Auslesen der Handy-Daten zur Identitätsermittlung von Asylantragstellern oftmals rechtswidrig
© Richtsteiger/stock.adobe.com

Die Praxis des Bundesamts für Migration und Flüchtlinge, bei Fehlen von Pässen oder Passersatzpapieren Mobiltelefone und andere digitale Datenträger bei der Registrierung von Asylantragstellern auszuwerten, ist rechtswidrig, wenn das Amt sonstige vorliegende Erkenntnisse und Dokumente zur Ermittlung von Identität und Staatsangehörigkeit völlig unberücksichtigt lässt. Das hat das Bundesverwaltungsgericht entschieden.

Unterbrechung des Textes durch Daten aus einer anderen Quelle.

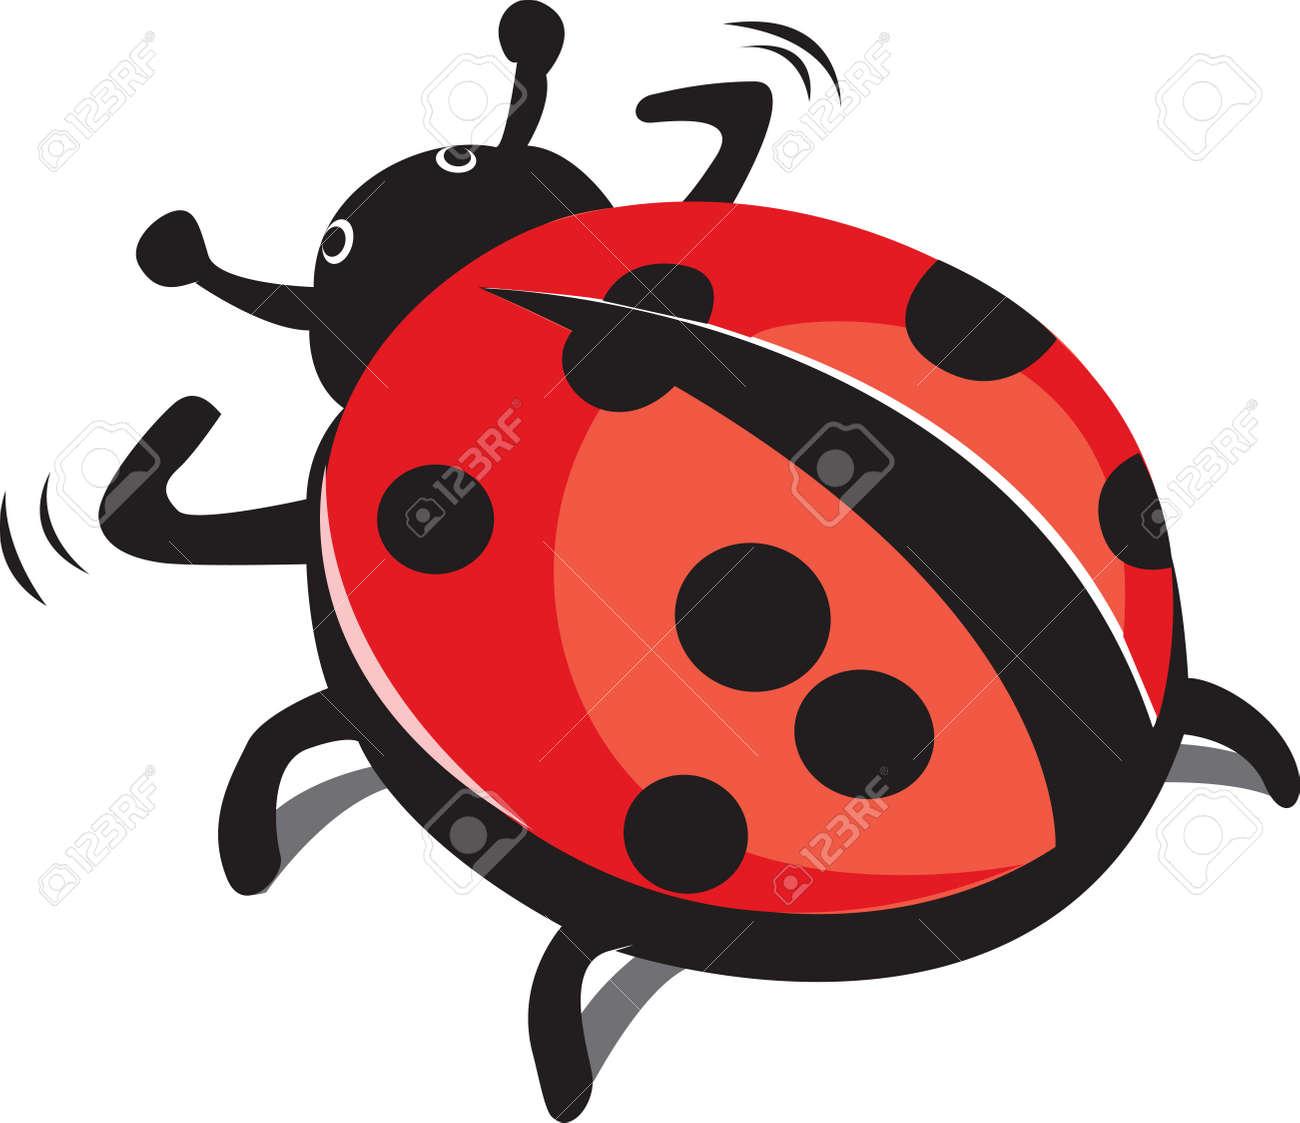 Ladybug Stock Vector - 16908850

Asylantragstellerin legt Passersatzpapiere vor

Die Klägerin, ihren Angaben zufolge eine afghanische Staatsangehörige, reiste 2019 ins Bundesgebiet ein und stellte einen Asylantrag, ohne einen gültigen Pass oder Passersatz vorzulegen. Zum Identitätsnachweis reichte sie unter anderem eine von afghanischen Behörden ausgestellte sogenannte Tazkira (Ausweisdokument ohne biometrische Daten) und eine Heiratsurkunde ein. Das BAMF forderte die Klägerin auf, ihr Mobiltelefon herauszugeben sowie dessen Zugangsdaten mitzuteilen. Dem kam die Klägerin nach. Nach kurzfristiger Auslesung und Datenspeicherung erhielt sie das Mobiltelefon zurück.

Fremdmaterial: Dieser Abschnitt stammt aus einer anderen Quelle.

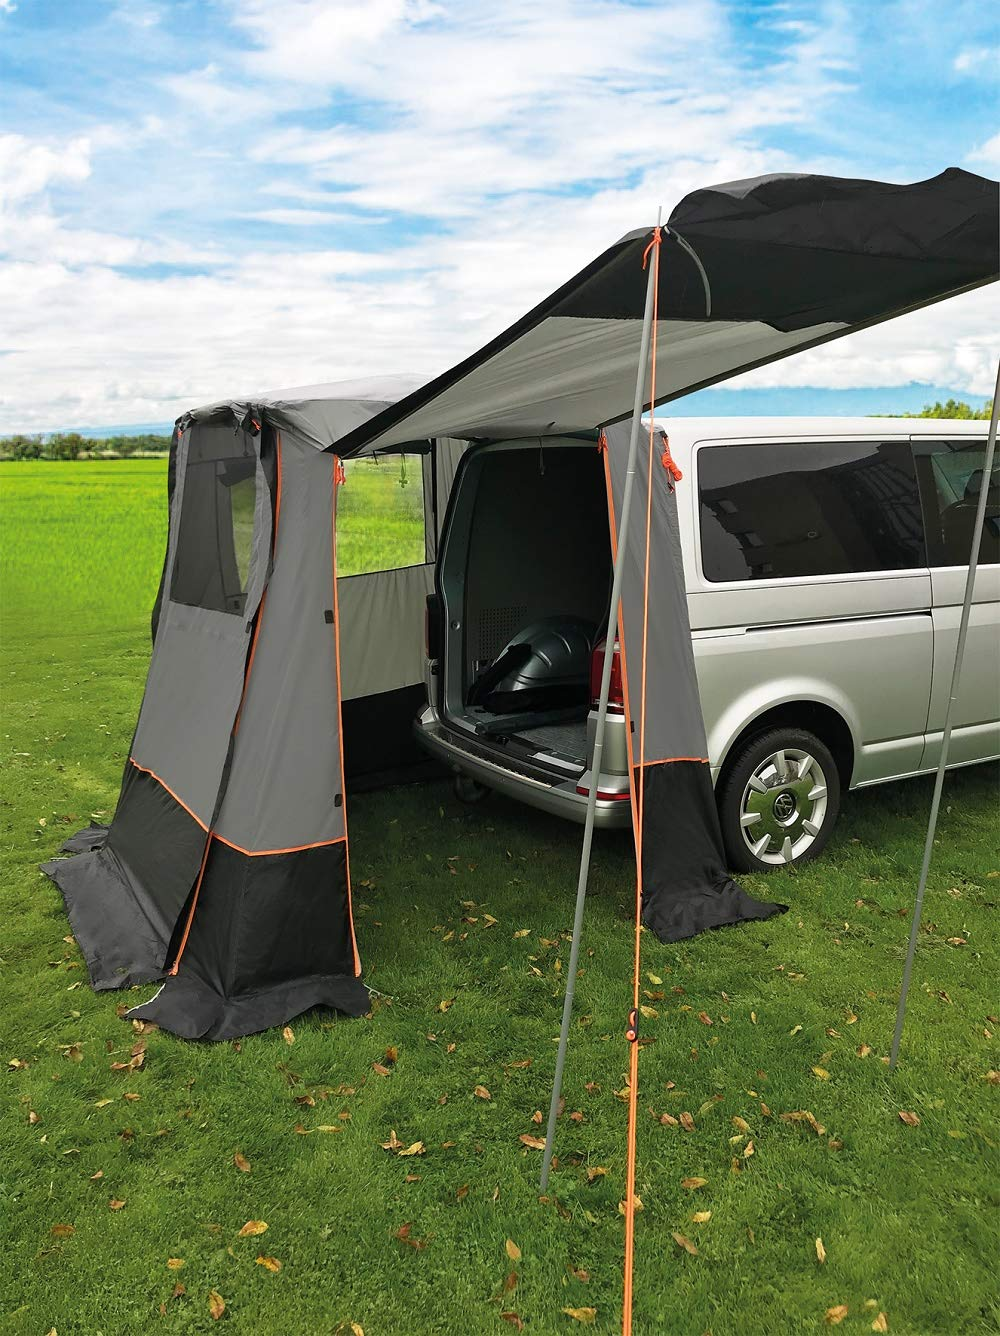 Eurotrail Offroad Tailgate Tent For Van Campervan Rear Door 200 x 195 x 208 cm

VG: Anordnung der Herausgabe der Handy-Daten rechtswidrig

Auf ihre Klage hat das VG festgestellt, dass die Anordnung gegenüber der Frau, die Zugangsdaten für ihr Mobiltelefon zur Verfügung zu stellen, rechtswidrig und das BAMF nicht berechtigt war, die Daten der Klägerin von ihrem Mobiltelefon auszulesen, auszuwerten, den aus der Auswertung generierten Ergebnisreport für das Asylverfahren freizugeben und der Entscheidung über den Asylantrag zugrunde zu legen. Die sonst vorliegenden Erkenntnisse und Dokumente hätten gegenüber der Datenauswertung ein milderes Mittel zur Identitätsfeststellung dargestellt.

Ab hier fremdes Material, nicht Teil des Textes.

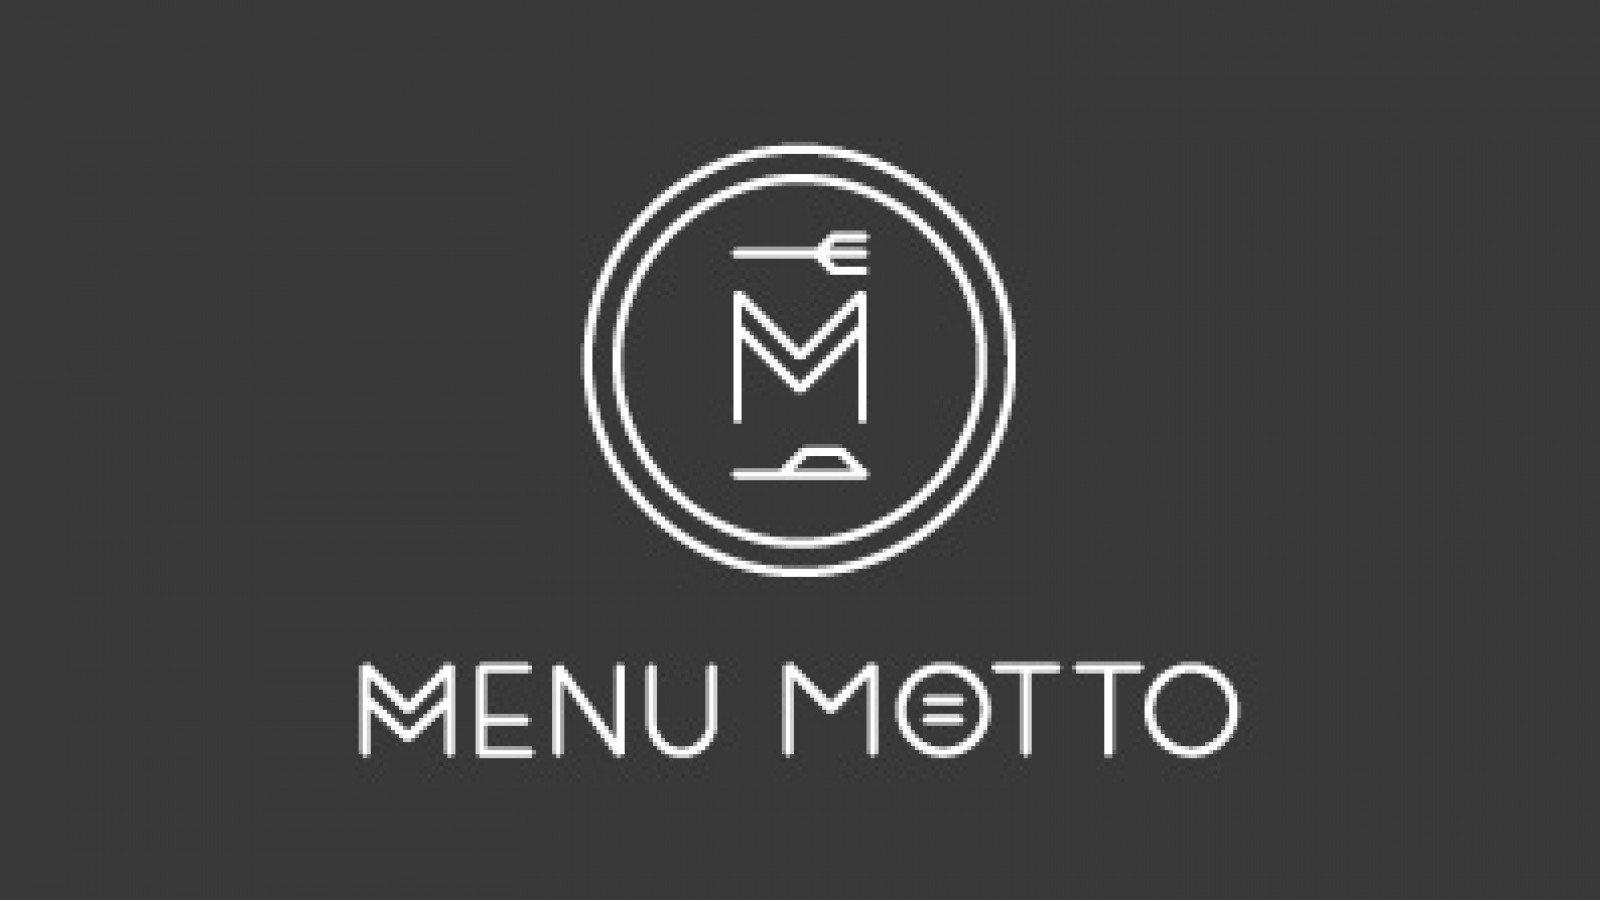 Restauracja We Wrocławiu Menu Motto Bankiety Wrocław

BVerwG: Mildere Mittel zur Identitätsermittlung auszuschöpfen

Das BVerwG siegt dies genauso. Die Auswertung digitaler Datenträger zur Ermittlung von Identität und Staatsangehörigkeit eines Ausländers sei erst zulässig, wenn der Zweck der Maßnahme, bezogen auf den Zeitpunkt ihrer Anordnung, nicht durch mildere Mittel erreicht werden kann (§ 15a Abs. 1 Satz 1 AsylG). Im Fall der Klägerin hätten nach den bindenden Feststellungen des VG mildere und damit vom Bundesamt vorrangig heranzuziehende Mittel – hier: Tazkira, Heiratsurkunde, Registerabgleiche und Nachfrage beim Sprachmittler zu sprachlichen Auffälligkeiten – zur Gewinnung weiterer Indizien zur Feststellung von Identität und Staatsangehörigkeit zur Verfügung gestanden. Damit erweise sich die Anordnung als unverhältnismäßig. Entsprechendes gelte für die Auswertung des Datenträgers.

BVerwG, Urteil vom 16.02.2023 - 1 C 19.21

Redaktion beck-aktuell, 16. Februar 2023.